Publication number: CN103885446A
Application number: CN201410106755.XA
Authority: CN
Inventors: 金波; 朱雅光; 李世通; 李伟; 张璐; 何琳倩; 方雄
Original assignee: Zhejiang University ZJU
Current assignee: Zhejiang University ZJU
Priority date: 2014-03-21
Filing date: 2014-03-21
Publication date: 2014-06-25

Abstract

The invention discloses an experimental platform for testing the strength of the legs of a legged walking robot. The experimental platform consists of a robot double-leg test bench, a robot single-leg assembly, a robot double-leg connector, a robot double-leg experimental mechanism, and a robot double-leg controller. Among them, the two robot single-leg assemblies are connected together through the robot double-leg connector. The robot double-leg experimental mechanism is connected with the robot double-leg connector through the slider on the vertical guide rail. The robot legs control system collects and processes the data of the robot legs experiment platform by establishing the communication between the upper and lower computers, and plans and controls the motion strategy.

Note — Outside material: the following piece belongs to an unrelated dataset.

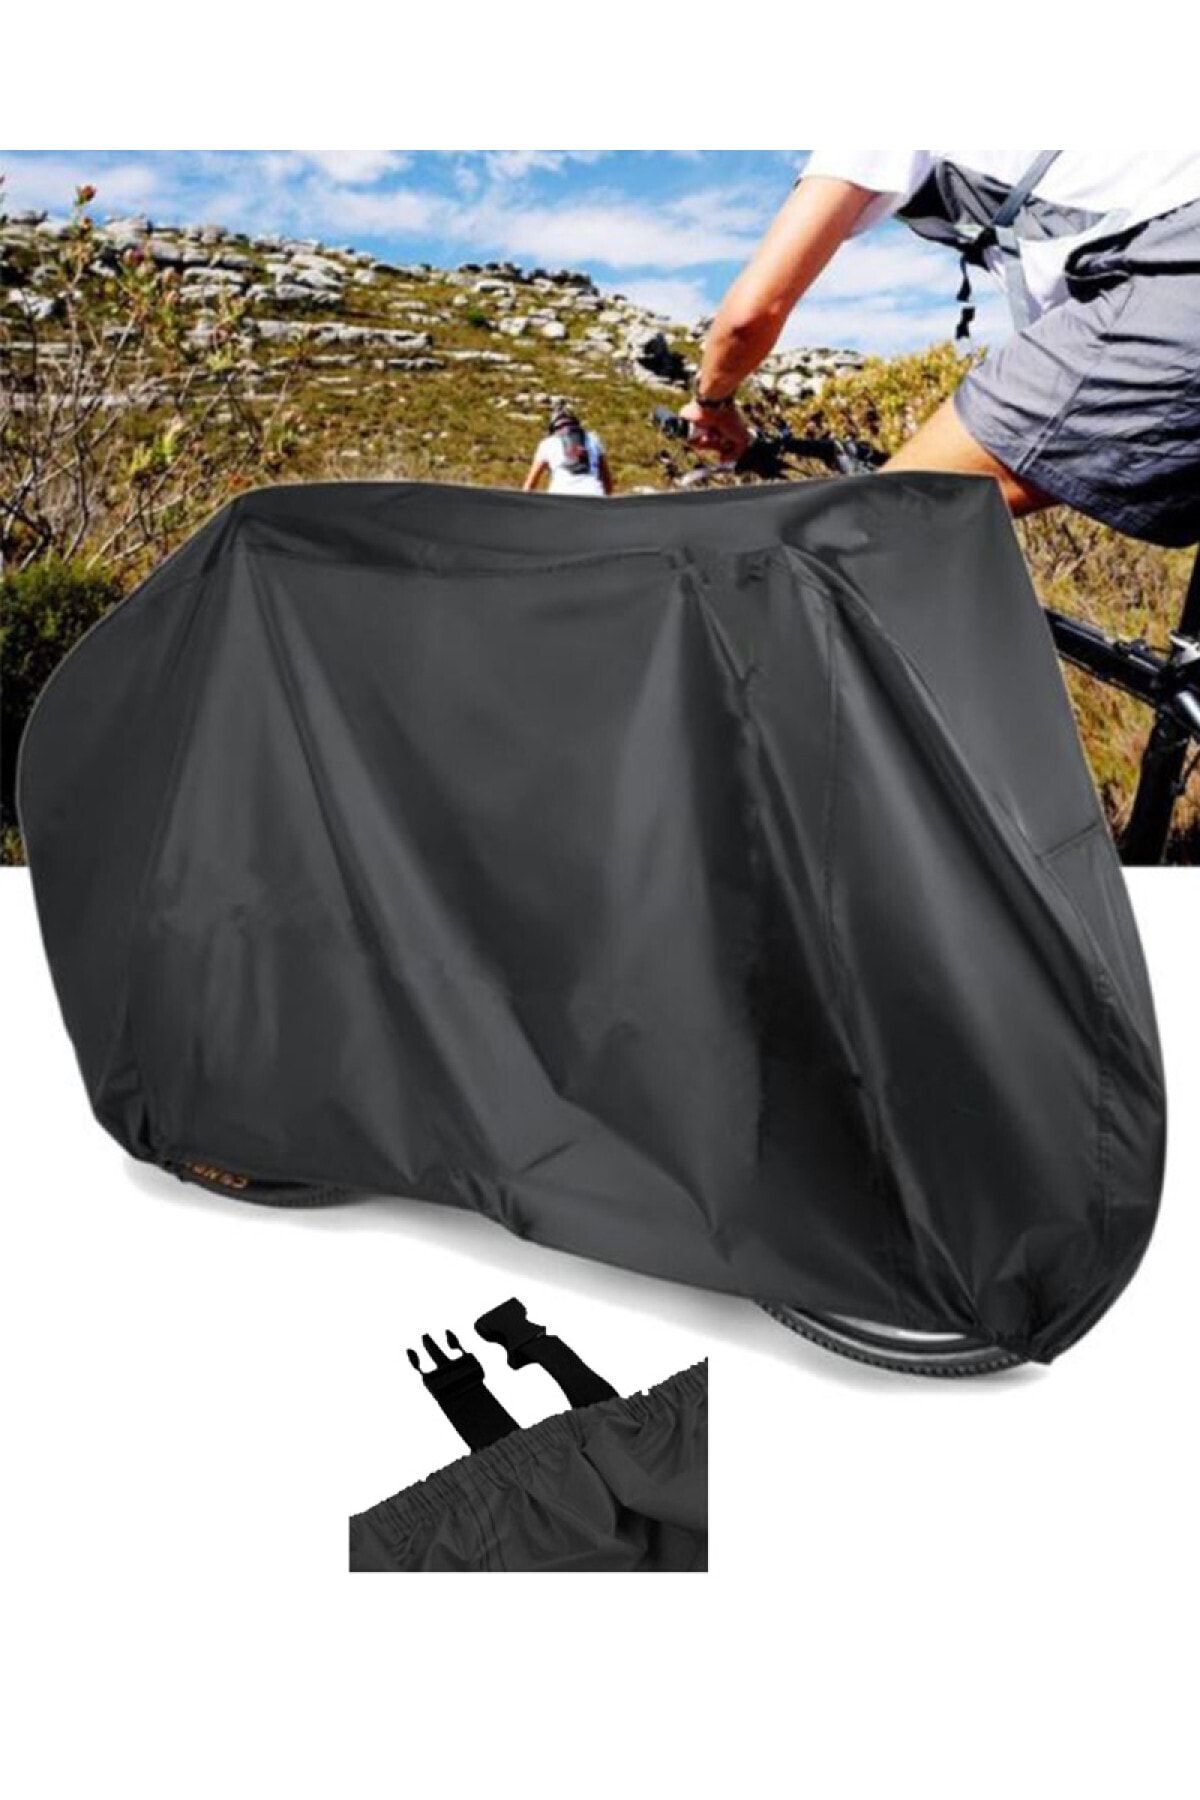 CoverPlus Salcano Bisiklet Brandası Su Geçirmez Bisiklet Örtüsü - Siyah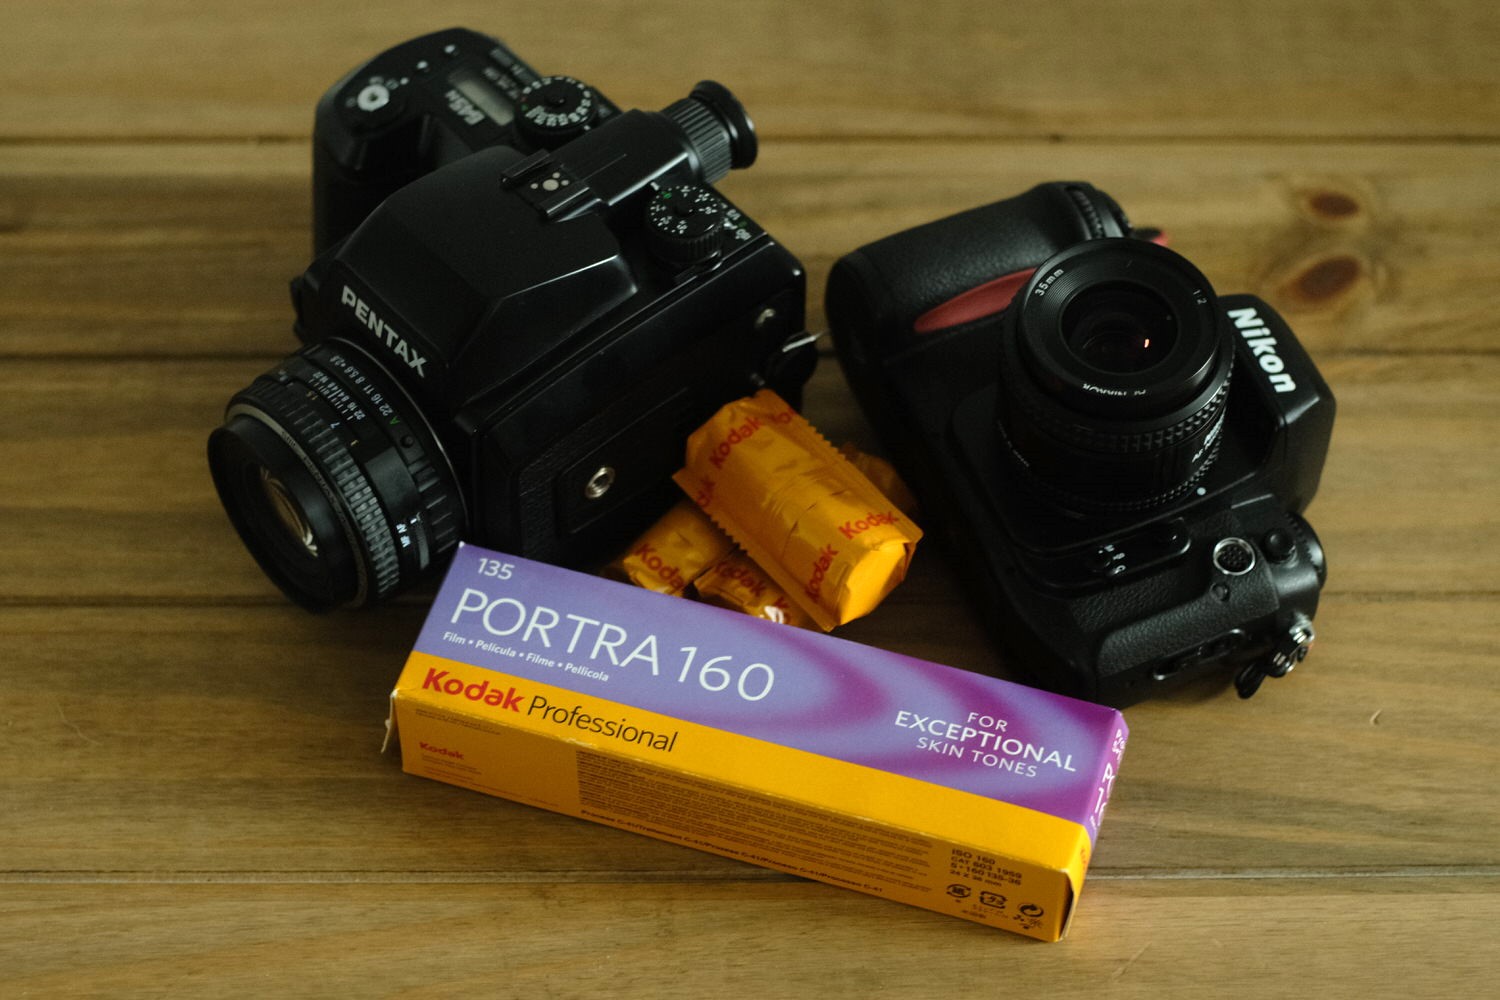 Kodak Portra 160 35mm

This platform is mainly suitable for single-leg foot force control and double-leg foot force control of legged walking robots, walking tests on different terrains, load distribution, gait planning, suitable for researchers of legged robots for preliminary research and verification of control strategies , has the characteristics of low cost, simple manufacture and accurate and reliable experimental results.

Description

Foot formula walking robot both legs strength of one's legs test experiments platform

Technical field

The present invention relates to a kind of robot leg experiment porch, relate in particular to sufficient formula walking robot both legs strength of one's legs test experiments platform.

Background technology

Foot formula walking robot is owing to moving in complicated out-of-flatness environment, and different from other mechanical arms, is a statically indeterminate system about sufficient end reaction when with environmental exposure.Therefore, be necessary walking robot human leg-driven plan and control, sufficient formula walking robot, carrying out in the process of different work task, need to constantly convert or keep certain attitude; And different attitudes can produce different sufficient power and distributes, this just requires robot leg to have tracking power fast and accurately to the desired strength of one's legs of upper strata planner, or can maintain foot end anchorage force and change in certain expection allowed band.In destructuring environment; often can run into rough and uneven in surface, have dell, a road surface that rigidity is different; or encounter the situations such as unexpected obstacle; and be subject to different sufficient power; this requires robot to be changed such environment of perception and to be made different processing by sufficient power to a certain extent, to strengthen adaptability and the stability of robot to non-structure environment.The control of foot formula walking robot strength of one's legs is the key whether sufficient formula walking robot can walk smoothly and execute the task.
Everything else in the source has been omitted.